Her father reached over and squeezed her hand. “The only thing you need to know is that I would not trade your mother or you

for my magic and the life I could’ve had as an Exorcist. Don’t take on anger and regret I don’t feel. It isn’t yours to bear.”

Her father’s smile was the one Rui remembered he wore whenever her mother was near him.

“I know the guilt that’s still in your heart, Rui,” he said softly. “But I also know that your mother protected you because

she loved you. Her life and her sacrifice . . . it is a gift you should use wisely.”

The neighborhood playground was quiet. One of the streetlamps flickered off and on, and the rest were dim. Probably because

the city council spent more time keeping up the wealthier neighborhoods than the shabbier area her father rented in. Her belly

full of good food, Rui climbed up the ladder. She was almost too large for the slide, but she sat on the top anyway, legs

stuck out in front of her.

She and her father had looked over old family photos after dinner, reminiscing about the happier times they’d spent together when her mother was alive.

She couldn’t remember the last time they had laughed so much.

It was a nice way to end the night, and she had to force herself to leave, giving the excuse that she had to report back to campus.

You’re not seriously considering Madam Meng’s ritual, are you?

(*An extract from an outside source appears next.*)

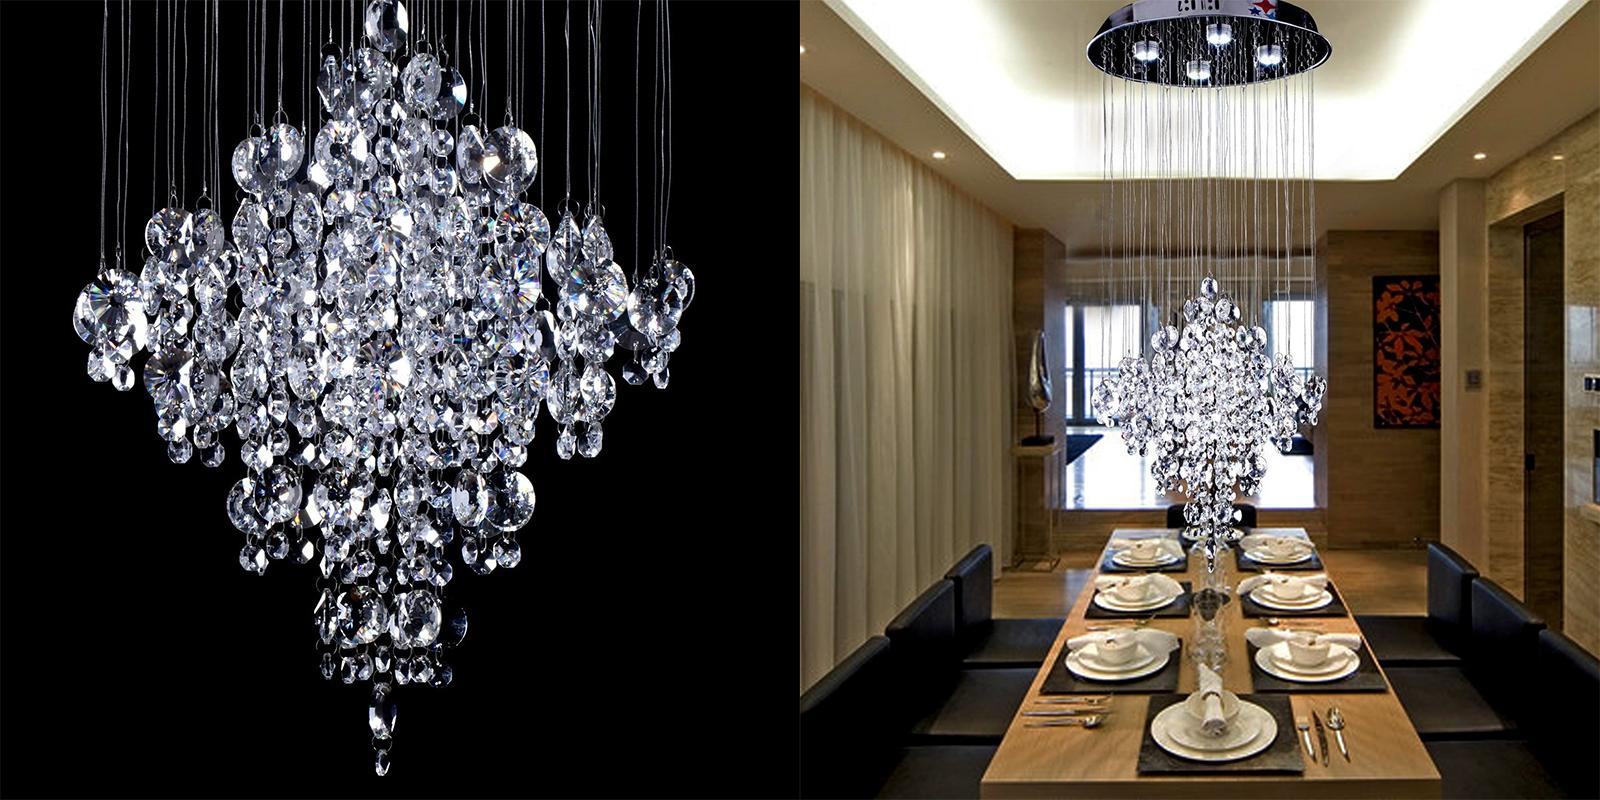 Crystal Raindrop Chandelier Chandeliers Design – Raindrop Chandelier Crystals
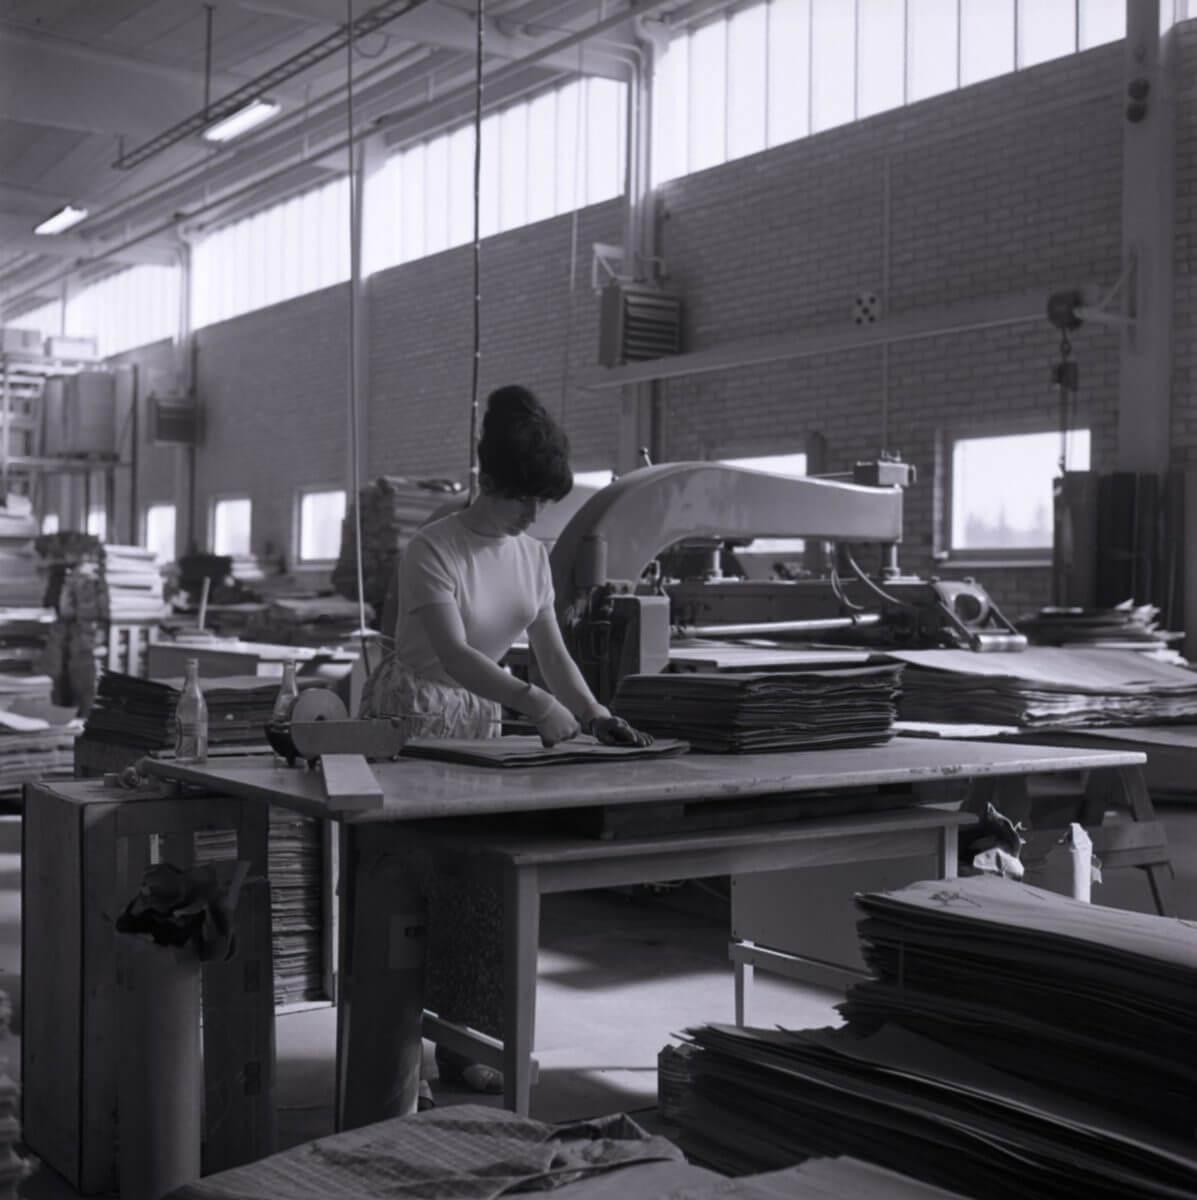 En kvinna arbetar i en träindustrilokal.

The situation with the rogue talisman was worsening, and she held the key to a possible solution. But what if something went

wrong during the ritual? What if the bridge took all her treasured memories? Would she forget her family? Would she even remember tonight?

The clouds hovering in the night sky were tinged with an eerie purple. A storm was coming, in more ways than one. Rui sighed. Who was she kidding? Love was stupid, and so was she. It didn’t matter what Ash or anyone else said. Her decision

had been clear the moment she knew there was a minuscule chance of bringing Zizi back from the underworld. And if she could

save her city at the same time? The choice was easy.

“So be it,” she said. The wind carried away her words.

She tapped the first number on her speed dial. She had promised to share everything, and she needed someone to remember if

she forgot.

The line connected, and she took a deep breath. “Guess what, Ada? I’m going to Hell.”